Weak factorizations of continuous set-valued mappings (Q1971364)

The main result. Let \(X\) be a topological space, \(Y\) a completely metrizable space and \(\mathcal{F}(Y)\) denote the collection of all nonempty closed subsets of \(Y\). Let \(\Phi : X \rightarrow \mathcal{F}(Y)\) be a proximal continuous multimap, i.e. it is both upper semicontinuous with respect to a metric of \(Y\) and lower semicontinuous. Further, let \(A \subset X\) and \(g: A \rightarrow Y\) be a selection for \(\Phi_{|A}\) such that for every locally finite cozero-set cover \(\mathcal{V}\) of \(Y\) there exists a locally finite cozero-set cover \(\mathcal{U}\) of \(X\) such that \(g(\mathcal{U} \cap A)\) refines \(\mathcal{V}\).
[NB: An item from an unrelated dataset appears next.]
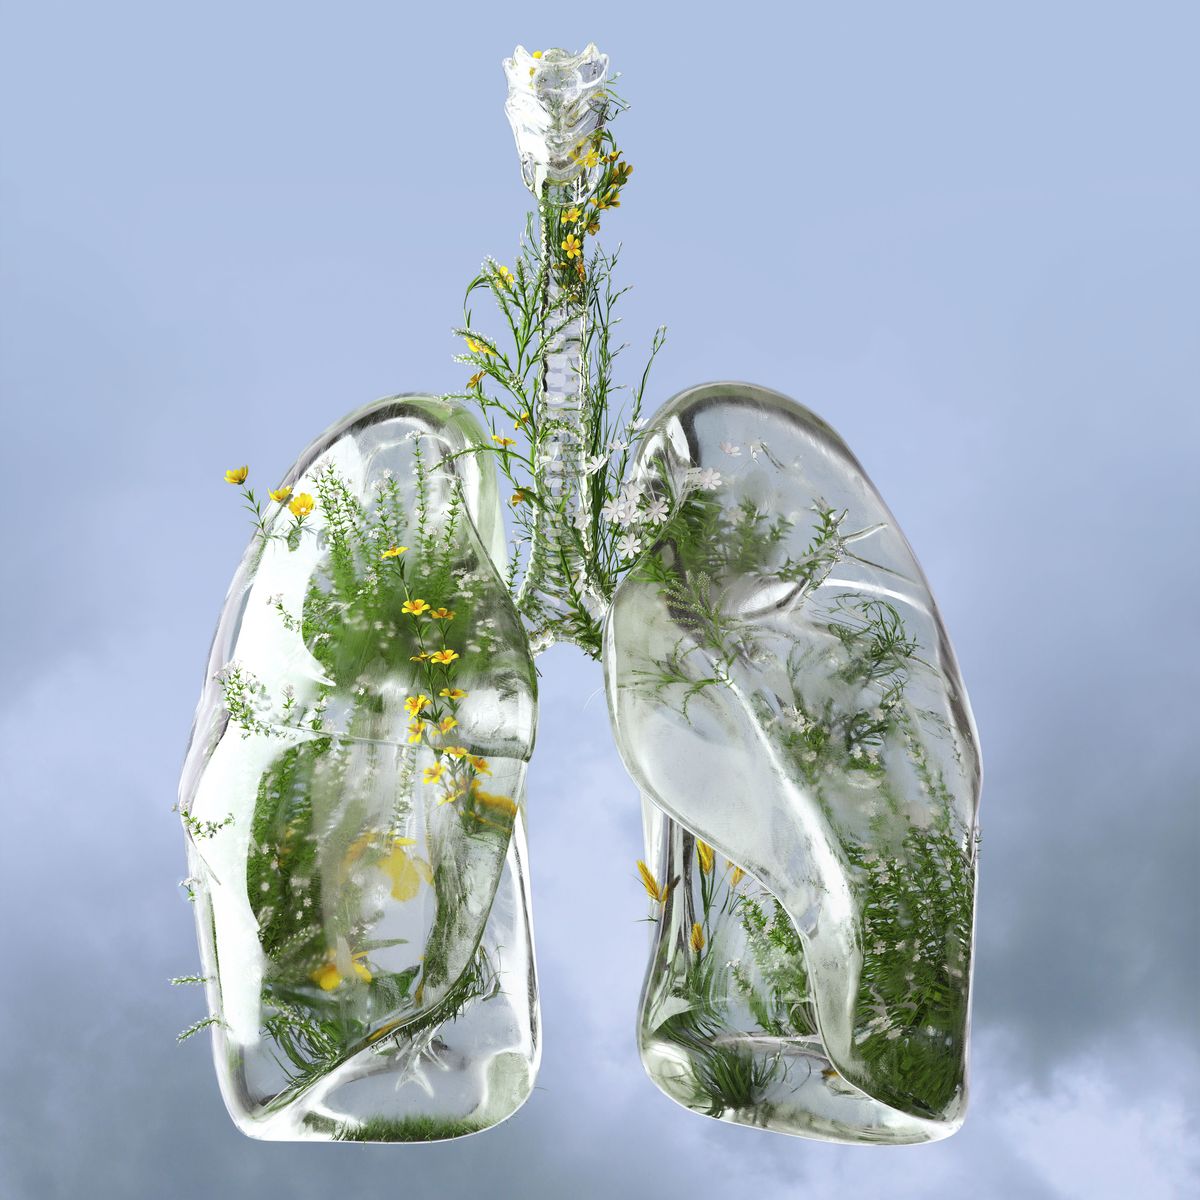 digital generated image of lungs made out of frosted glass and filled with plants and flowers on blue background breathe easier

Then the multimap \(\Phi_g\) defined as \(\Phi_g(x) = \{g(x)\}\) if \(x \in A\) and \(\Phi_g(x) = \Phi(x)\) otherwise, admits an l.s.c. weak factorization, i.e. there exist a metrizable space \(Z\) with weight \(w(Z) \leq w(Y)\), a continuous map \(h: X \rightarrow Z\) and an l.s.c. multimap \(\phi: Z \rightarrow \mathcal{F}(Y)\) such that \(\phi \circ h\) is a selection of \(\Phi\). This result is applied to obtain generalizations of some known selection and extension results and to selection theorems for spaces of closed subsets.